That dirty king is at it again, and he has another twisted plan in store for you

you are one of 12 men sentenced to be executed, unless you can determine a solution to his game.

You will be separated into two groups, with one person from each group being chosen as a leader. The other 5 from each team will be blindfolded and given either a red or black hat. One team will be dictated the "informant team" and they will each get a number 1-5

The leaders cannot see the prisoners from the other group, only his. You are told the ratio of hats will be even
i.e. red:black 0:10, 2:8, 4:6, 6:4, 8:2, or 10:0

The rules are as follows. One leader is the informer (We'll say Leader A), the other determines the ratio of hats(Leader B). The informer is allowed to communicate as follows.

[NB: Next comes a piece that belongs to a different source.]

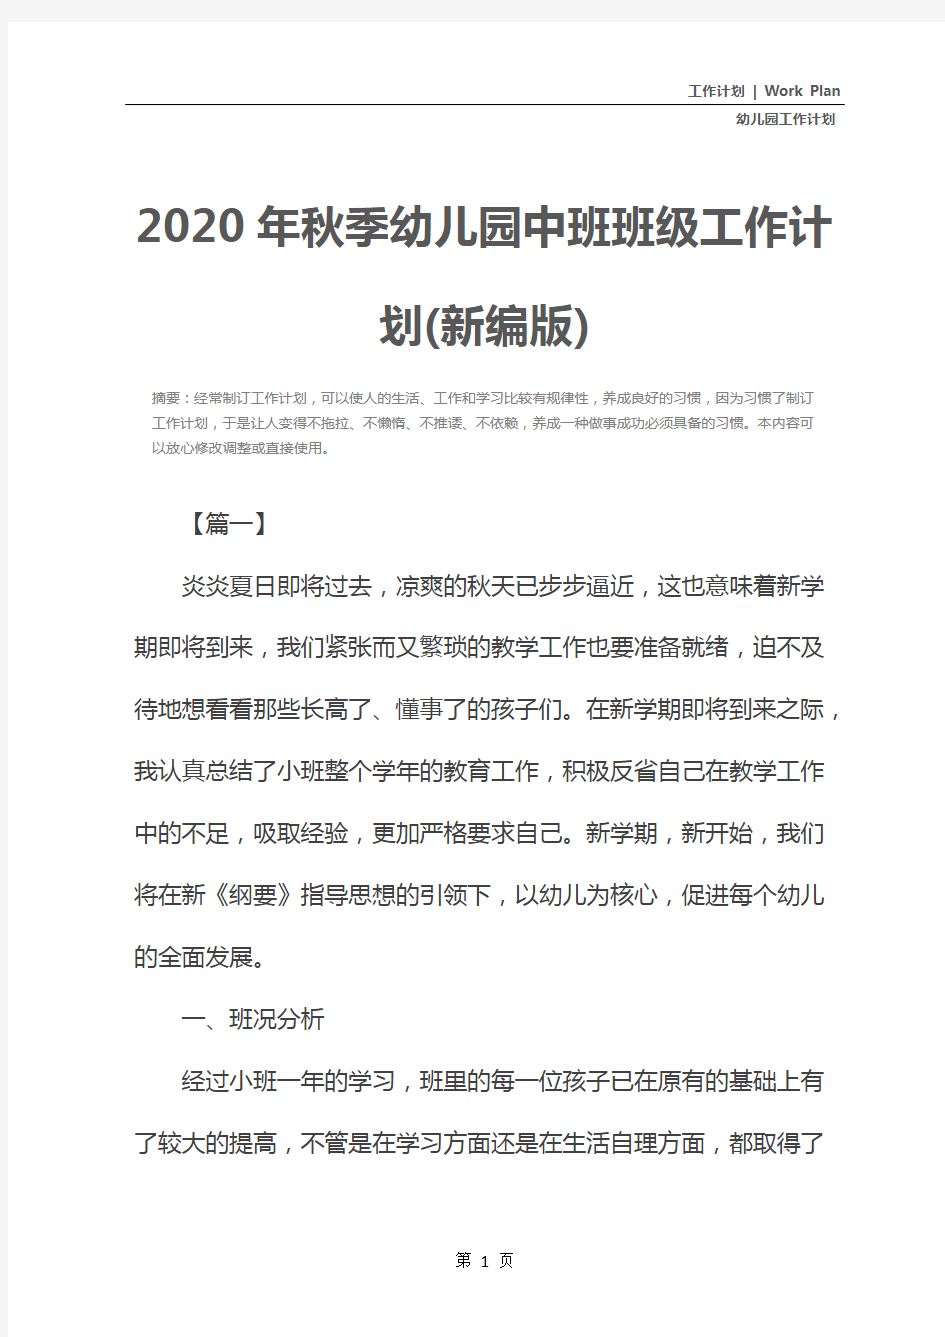 2020年秋季幼儿园中班班级工作计划(新编版)

When the game starts, the informer, Leader A, gives a "True" or "False" to a guard, that will in turn deliver it to Leader B
After hearing the initial "True" or "False," Leader B chooses a number 1-5. The prisoner from Leader A with that number is brought over to Leader B's group.

After this, Leader A gives a second "True" or "False" to be communicated. After this, Leader B must determine the ratio of hats. How can you make a plan so these two T/F communications can get you the ratio?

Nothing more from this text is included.